Avinash Raj · Accepted Answer · 2018-12-01T15:30:17.363

17

Use negative lookahead like below.

>>> s = "cat goose  mouse horse pig cat cow"
>>> re.sub(r'^((?:(?!cat).)*cat(?:(?!cat).)*)cat', r'\1Bull', s)
'cat goose  mouse horse pig Bull cow'

DEMO

^ Asserts that we are at the start.
(?:(?!cat).)* Matches any character but not of cat , zero or more times.
cat matches the first cat substring.
(?:(?!cat).)* Matches any character but not of cat , zero or more times.
Now, enclose all the patterns inside a capturing group like ((?:(?!cat).)*cat(?:(?!cat).)*), so that we could refer those captured chars on later.
cat now the following second cat string is matched.

OR

>>> s = "cat goose  mouse horse pig cat cow"
>>> re.sub(r'^(.*?(cat.*?){1})cat', r'\1Bull', s)
'cat goose  mouse horse pig Bull cow'

Change the number inside the {} to replace the first or second or nth occurrence of the string cat

To replace the third occurrence of the string cat, put 2 inside the curly braces ..

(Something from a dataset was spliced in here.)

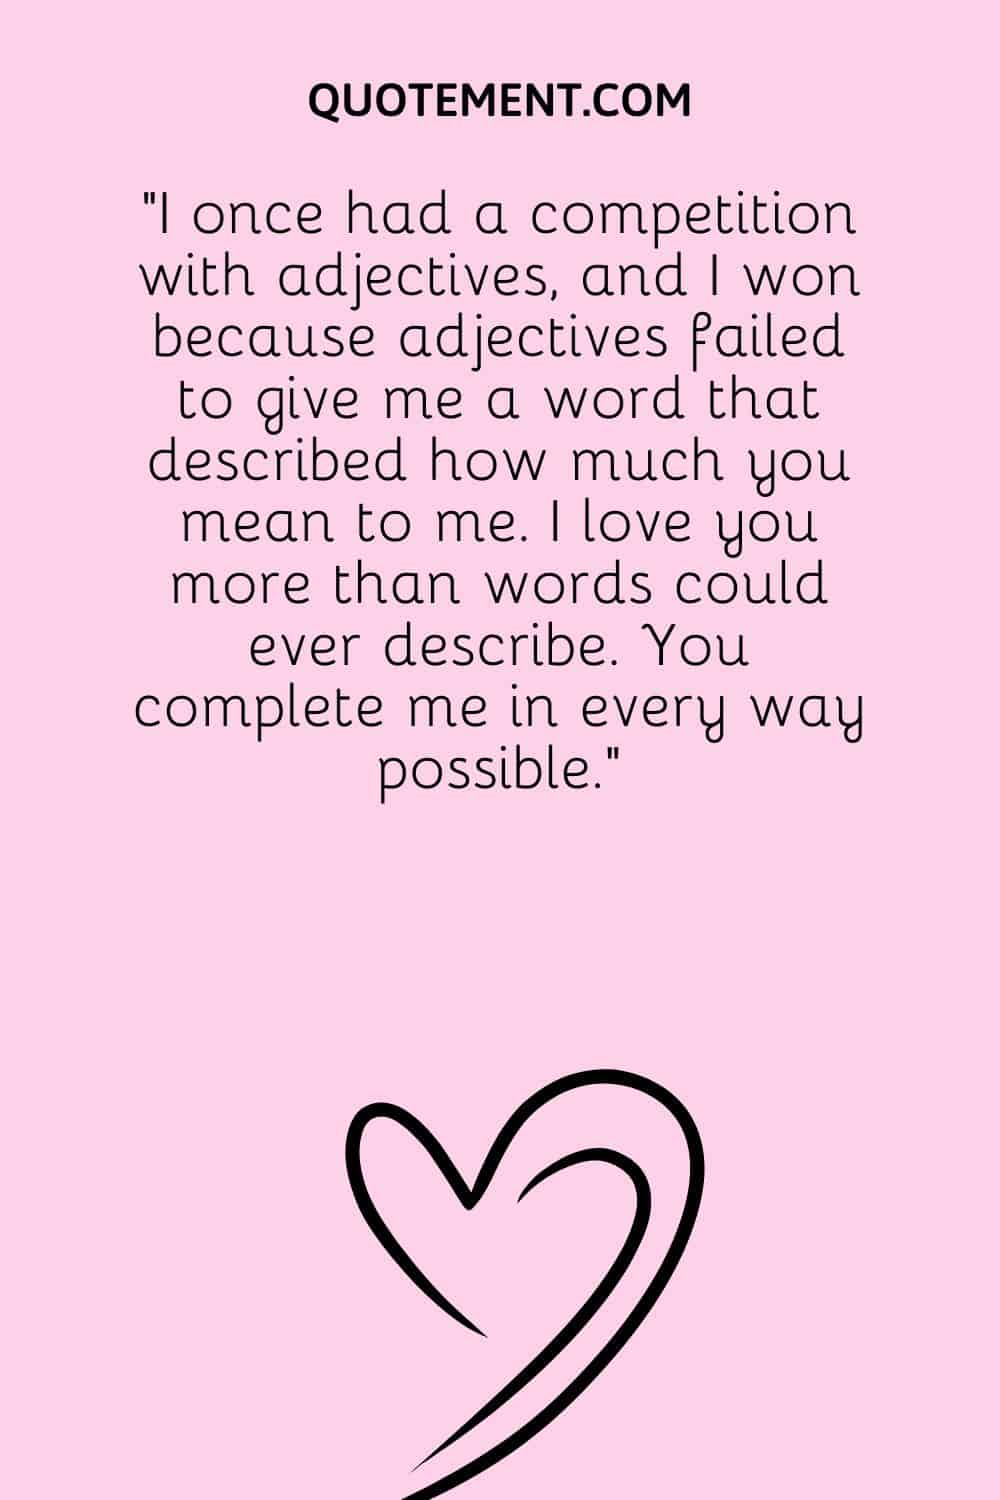 I once had a competition with adjectives

>>> re.sub(r'^(.*?(cat.*?){2})cat', r'\1Bull', "cat goose  mouse horse pig cat foo cat cow")
'cat goose  mouse horse pig cat foo Bull cow'

Play with the above regex on here ...

edited Dec 01 '18 at 15:30

answered Dec 21 '14 at 12:29

Avinash Raj

172,303
28
230
274

Hi, what is the advantage of this over using `r'(cat.*?)cat'`? – Pierre Dec 21 '14 at 12:31
So how it deserves a downvote? It's not a wrong answer though. – Avinash Raj Dec 21 '14 at 12:57
@Pierre: Scratch my comment above. Since both of you are using `.`, there should be no difference as far as I can tell. – nhahtdh Dec 21 '14 at 12:57
2

@AvinashRaj: People can downvote because it is an overly complex answer. (The downvote is not mine, btw). – nhahtdh Dec 21 '14 at 12:58
1

This solution doesn't work if n = 1 and there are characters ahead of the first 'cat': https://regex101.com/r/wP7pR2/32 – ForeverWintr Jun 14 '17 at 02:17

score 8 · Answer 2 · edited Dec 17 '21 at 09:28

I use simple function, which lists all occurrences, picks the nth one's position and uses it to split original string into two substrings. Then it replaces first occurrence in the second substring and joins substrings back into the new string:

import re

def replacenth(string, sub, wanted, n):
    where = [m.start() for m in re.finditer(sub, string)][n-1]
    before = string[:where]
    after = string[where:]
    newString = before + after.replace(sub, wanted, 1)
    print newString

For these variables:

string = 'ababababababababab'
sub = 'ab'
wanted = 'CD'
n = 5

outputs:

ababababCDabababab

Notes:

The where variable actually is a list of matches' positions, where you pick up the nth one. But list item index starts with 0 usually, not with 1. Therefore there is a n-1 index and n variable is the actual nth substring. My example finds 5th string. If you use n index and want to find 5th position, you'll need n to be 4. Which you use usually depends on the function, which generates our n.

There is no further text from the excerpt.